Sunday, March 15, 2020

The Inequality of COVID-19

The spread of COVID19 is wreaking economic havoc and impacting workers in industries from airlines to tourism. Informal employment is prevalent for both men and women across Asia and women in low-paid informal work such as cleaning and cooking or caring for children, many without proper contracts or social protection, are bearing the brunt of widespread job cuts.
Babysitter.hk, a Hong Kong website which links nannies to parents, said demand had dropped due to parents working from home more and fears about child-minders and other outsiders introducing the virus into households.

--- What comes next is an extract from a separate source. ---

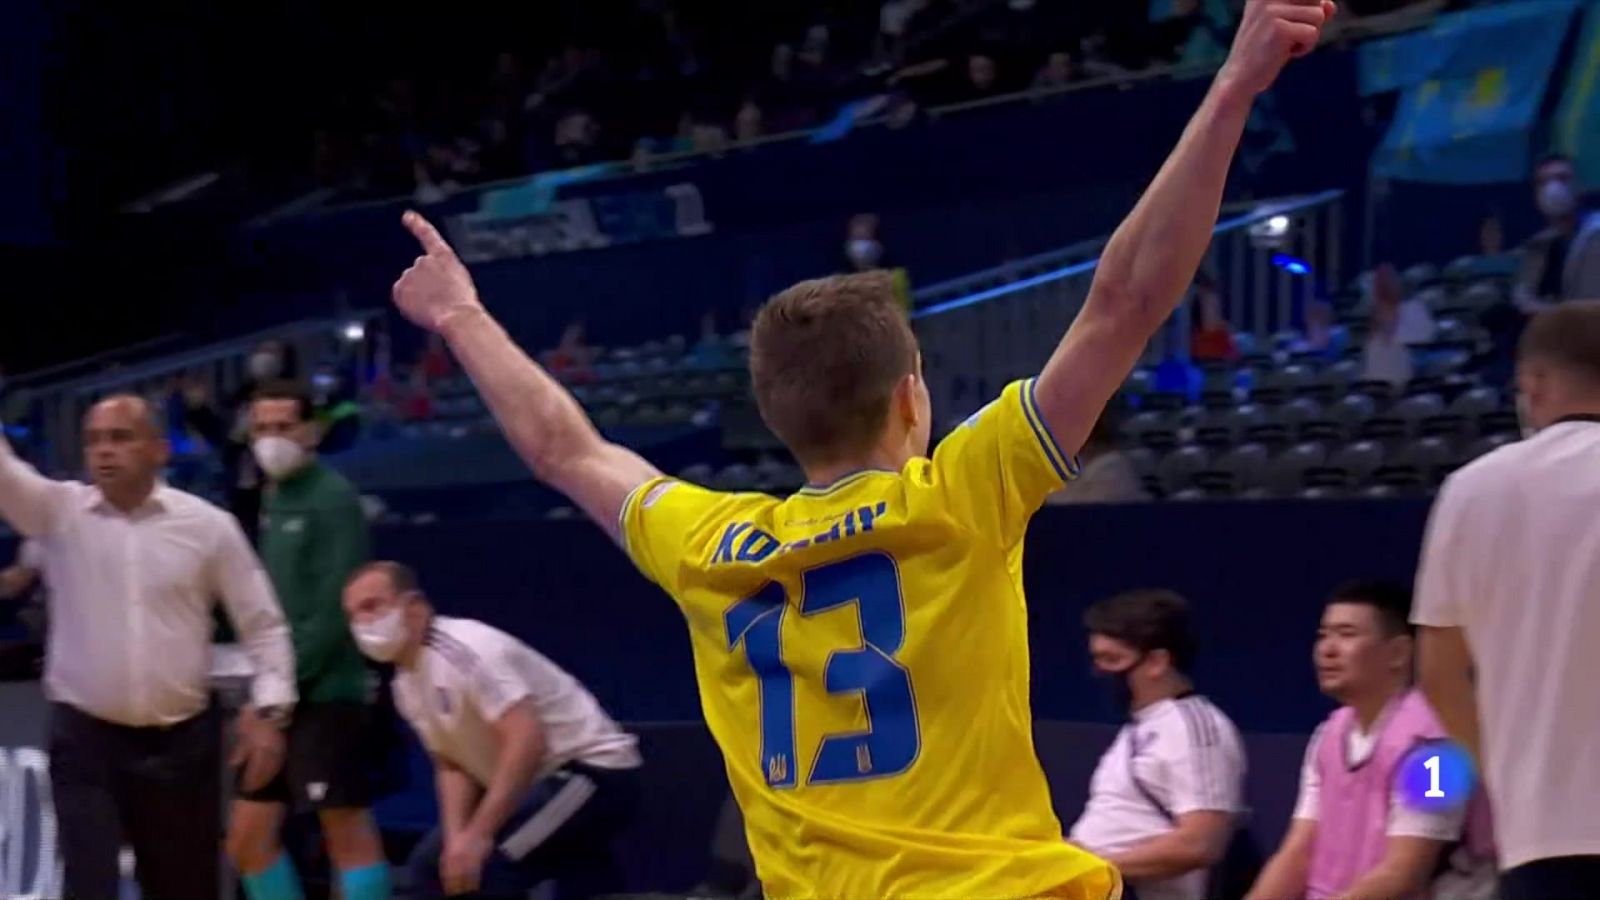 Rusia-Ucrania: la tensa eliminatoria del Europeo de futsal
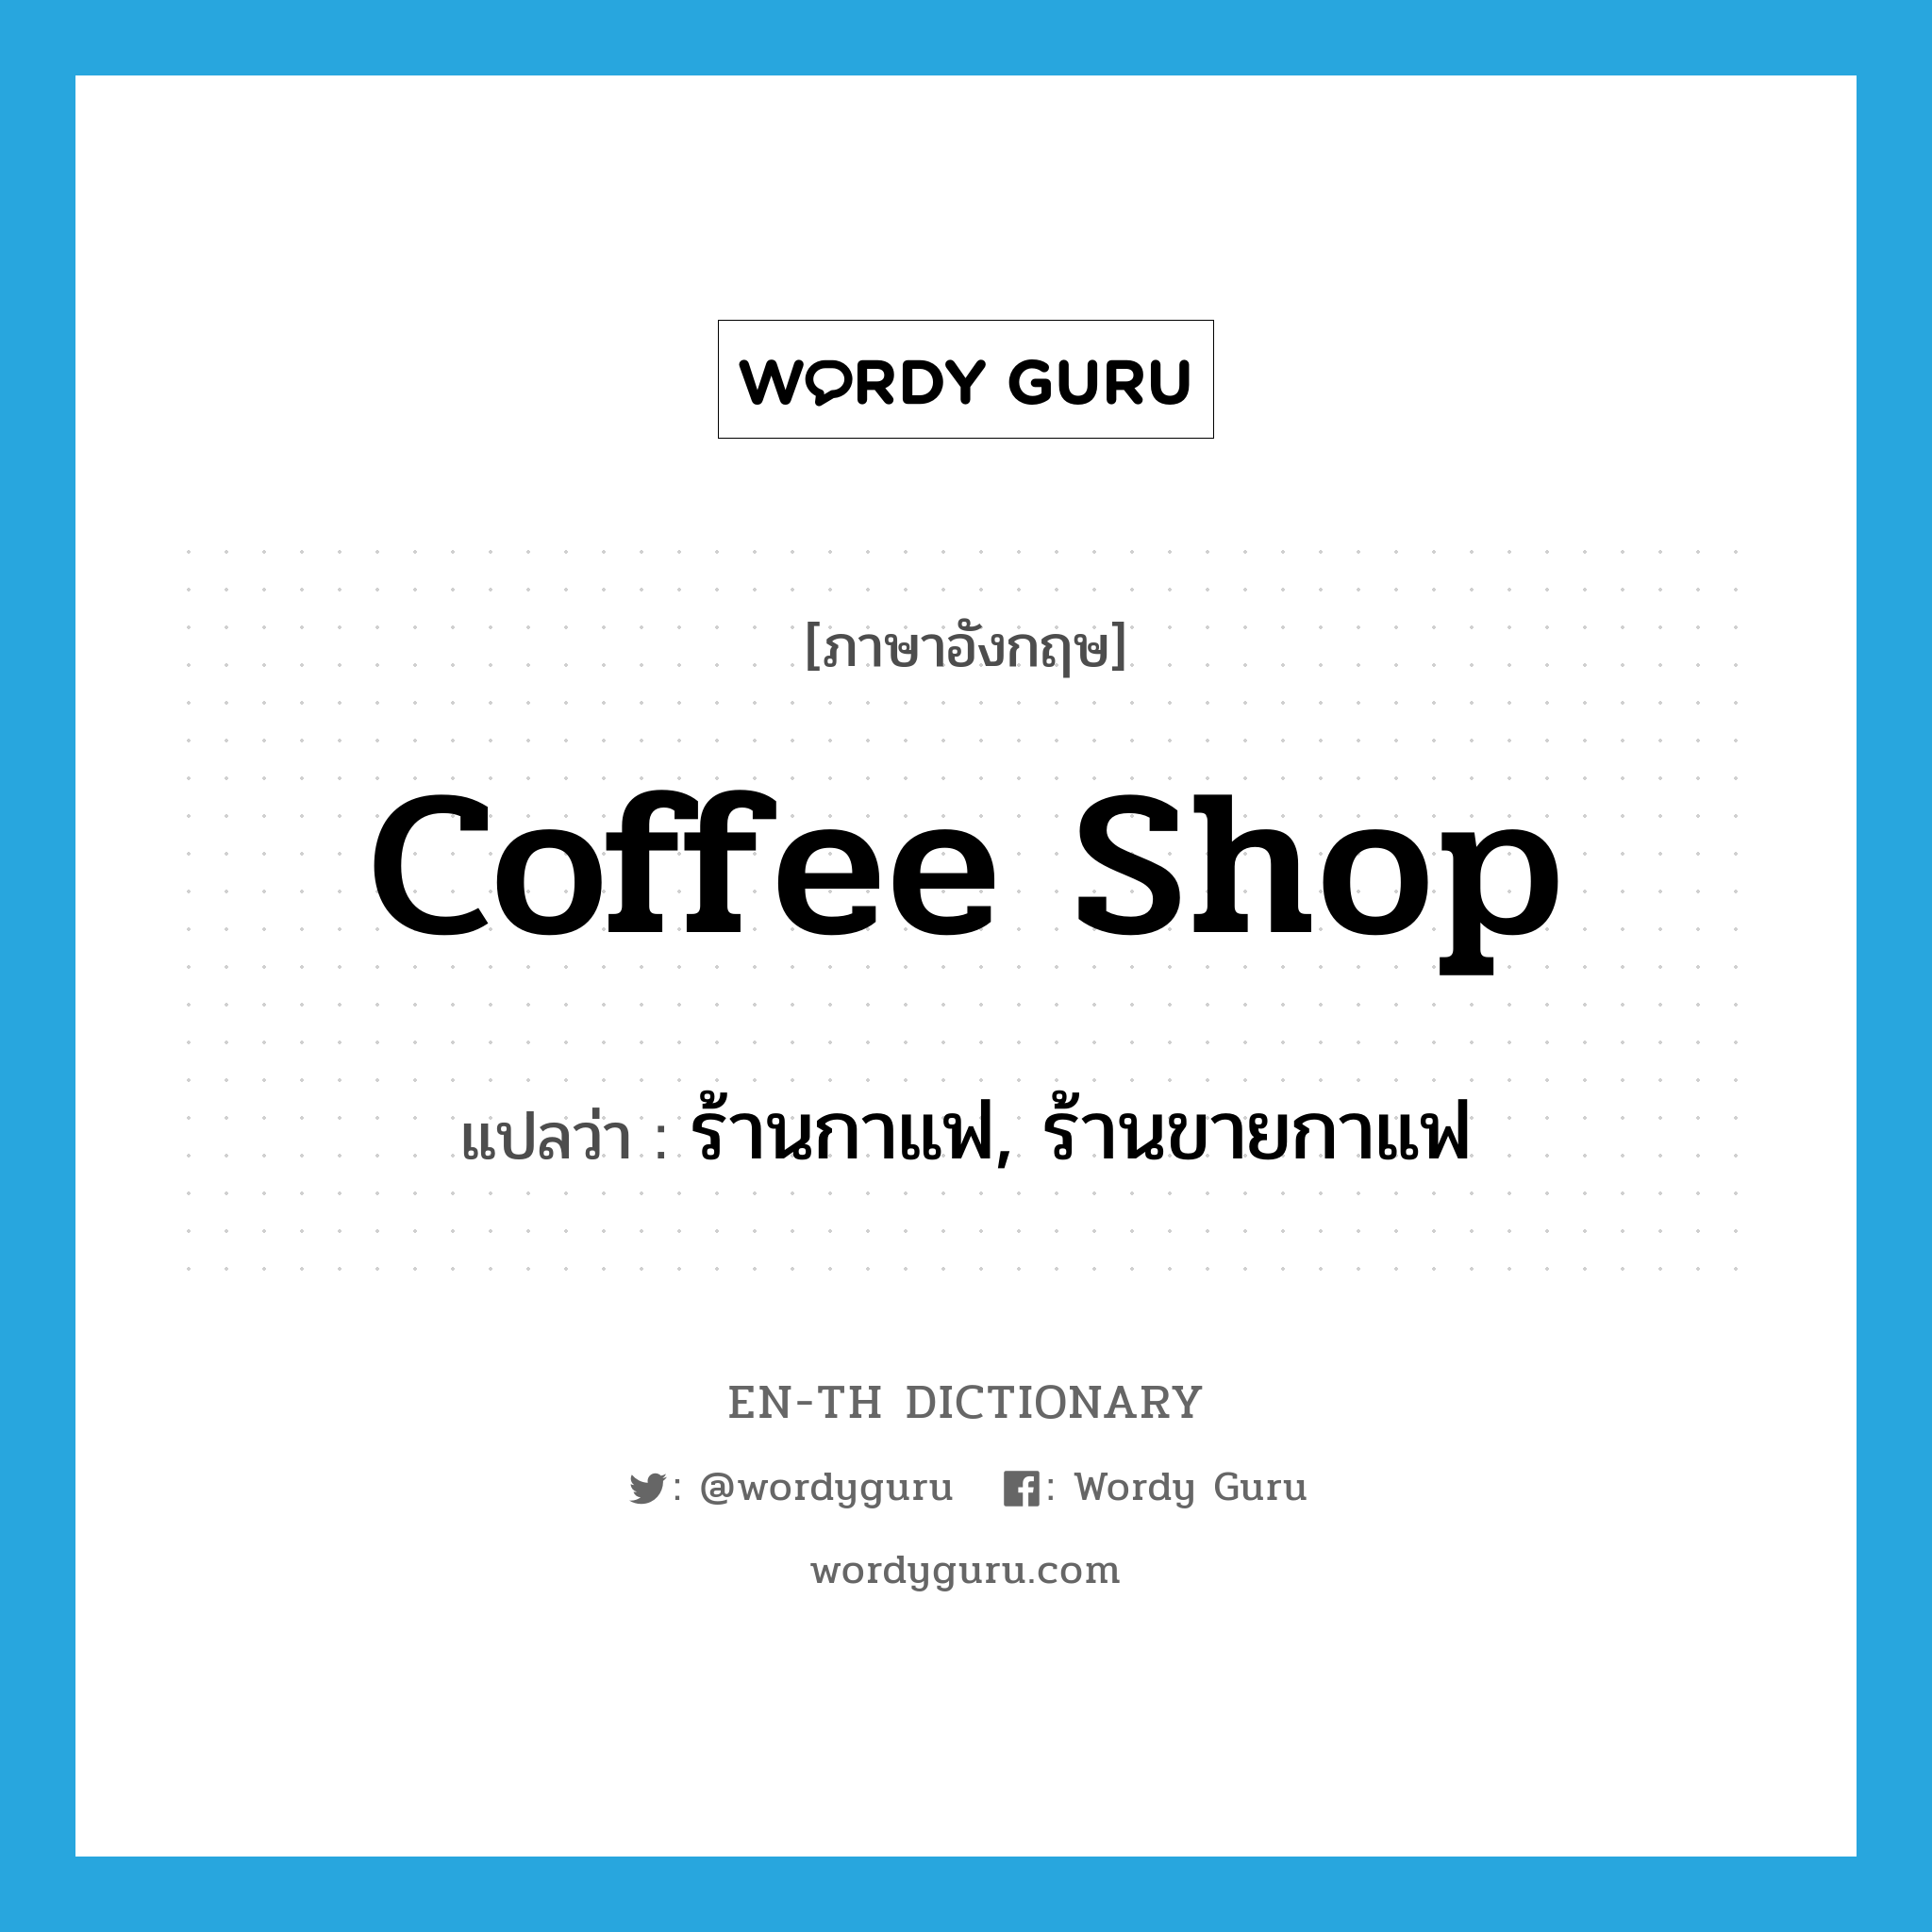 ร้านกาแฟ, ร้านขายกาแฟ ภาษาอังกฤษ?, คำศัพท์ภาษาอังกฤษ ร้านกาแฟ, ร้านขายกาแฟ แปลว่า coffee shop ประเภท N หมวด N

The Asian Migrants' Coordinating Body (AMCB), a regional domestic workers' advocacy group, said hundreds of women from the Philippines or Indonesia were likely to lose their job as the economy slowed and families let go of their helpers.
Most of these women are the sole breadwinner back home,  bolstering the economies by sending back millions of dollars each year in remittances.
 "The impact from the virus is only going to get worse," said AMCB spokesman Eman Villanueva, 
Women more often work in precarious and lower-paid sectors like domestic work and agriculture, lacking benefits like pensions and parental leave.
"Women are hit harder by economic impacts such as those COVID-19 is driving, especially as women disproportionately work in insecure labour," said Mohammad Naciri, the head of U.N. Women in Asia. "An even greater burden is placed on women where health systems are overloaded or schools are closed, as care for children or sick family members largely falls on women."